Savannah took one last look at the bodies of her children, but she knew it was useless save for sentimental value. They had been gone for too long now, nothing could bring them back. She had failed to protect them from their father, who had turned into one of them, one of the infected.

If he had been a normal infected, she could've saved them. But what he turned into was something more advanced, something that coughed and hacked, that shot out tentacles from its malformed face. He had captured their young children with that tentacle tongue of his while Savannah was surrounded by a swarm of common infected with nothing but a frying pan in hand. She couldn't get to her children in time. She couldn't kill her husband fast enough.

Savannah's gaze lingered on the corpses of her once beautiful children, and even flickered over to what used to be her husband. She couldn't stay angry at him. She loved him dearly, and it was that damn flu that made him do what he did. It changed him.

She'd keep her wedding ring.

Savannah didn't own anything but dresses. She was a housewife, and a damn proud one. She did, however, change out of her white heels and into a pair of her husband's hiking boots. They were roughly the same shoe size.

She found a fanny pack laying around in the closet where she found the boots. It barely fit around her curvy waist. Savannah huffed about needing to lose weight as she tramped around the house in search of supplies to stuff into the fanny pack. She packed a small bottle of hand sanitizer, some fruit snacks, and a small first aid kit.

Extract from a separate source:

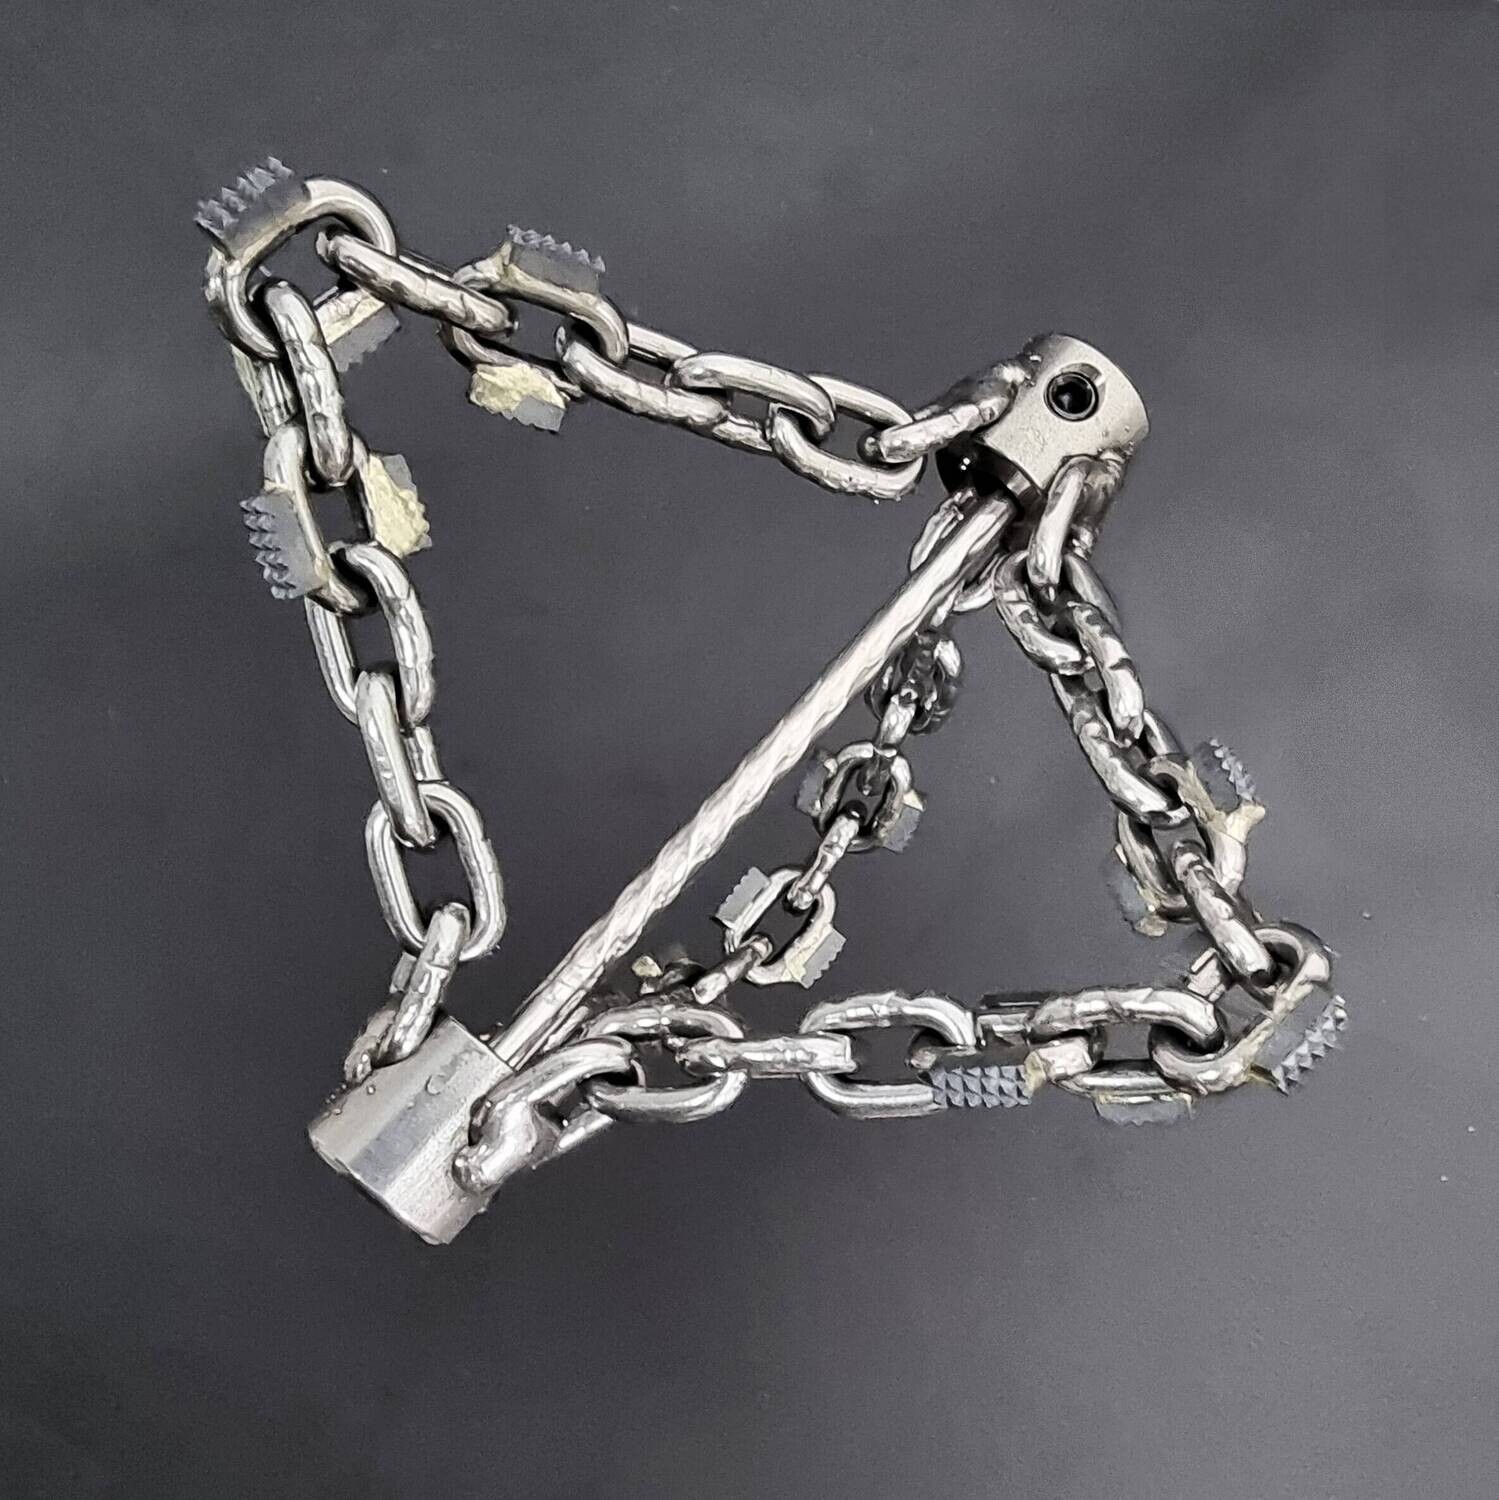 Croco Chain (Cast Iron & Clay Pipes) is a tool for cleaning of cast iron and vitrified clay pipes and is used with a toilet snake or miller machine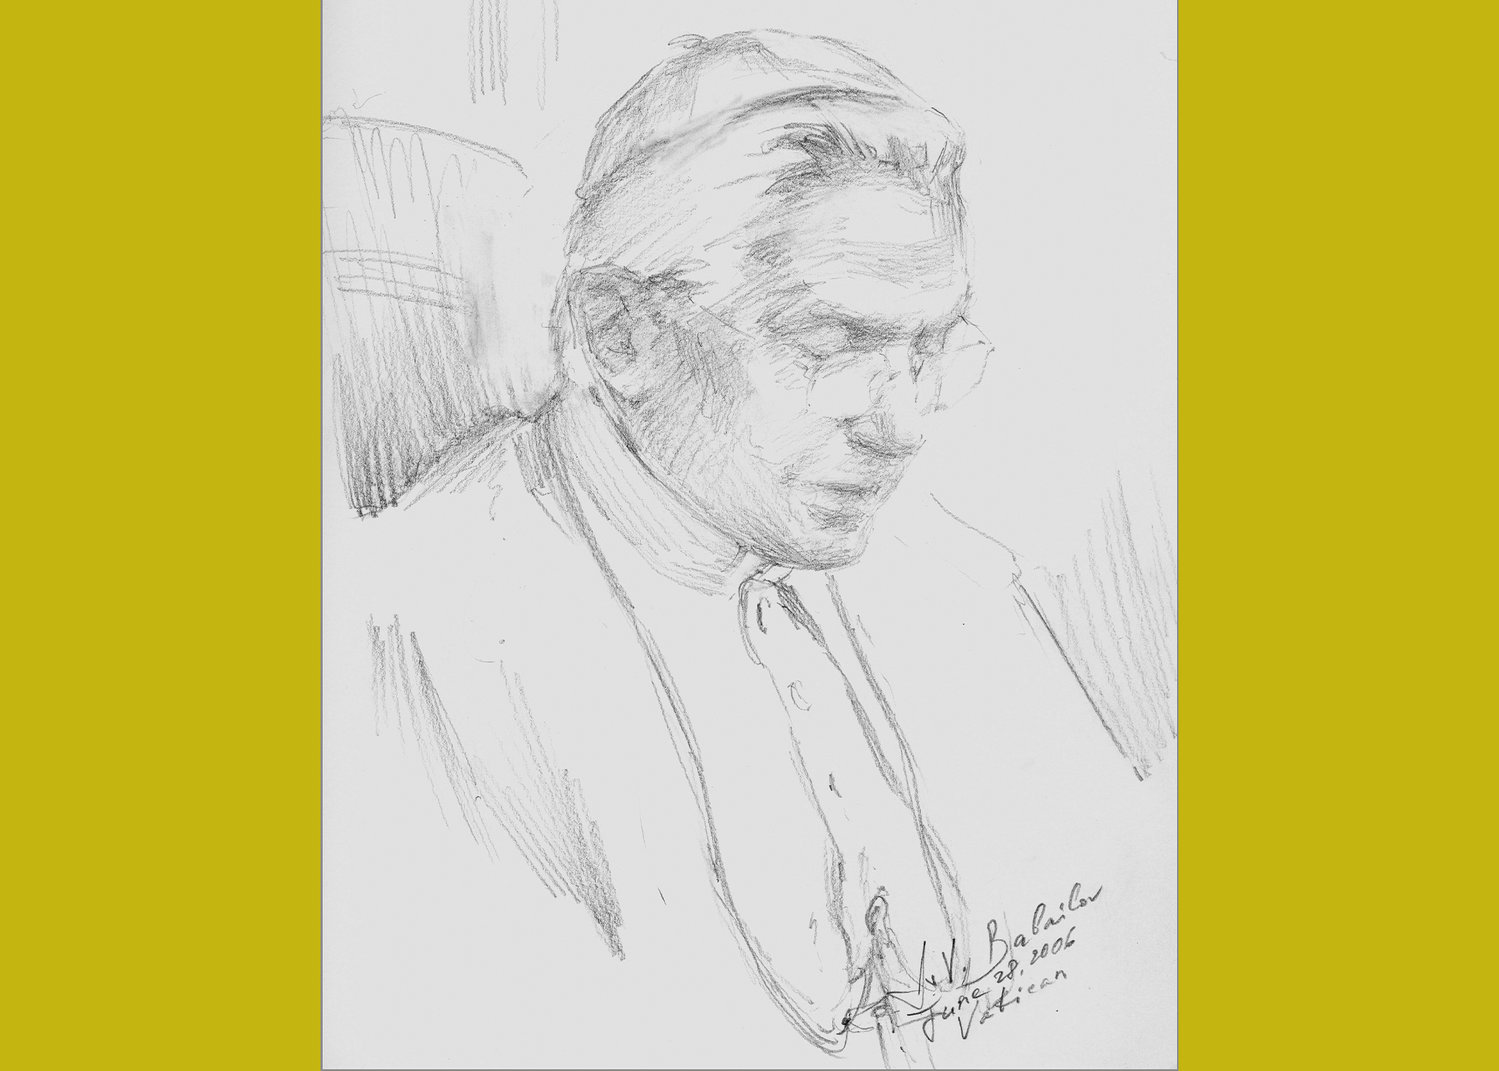 This sketch of Pope Emeritus Benedict XVI was done by Igor Babailov during an audience with the late pope and before he began his oil portrait of the pontiff. Babailov was commissioned in 2006 to do the pope’s official portrait and completed it a year later.

Savannah's husband had kept a shotgun in a locked case in the living room. Too impatient to search for the key, she drew her metal frying pan back and swung it into the glass case. The glass shattered, and a jagged hole was left in its wake. Savannah reached in and pulled the shotgun out through the hole in the case. To her pleasure, it was already loaded.

Savannah's green eyes burned into the bodies of her family members. She turned her head, and stepped over the bodies of the infected as she headed out the front door into the blinding sunlight.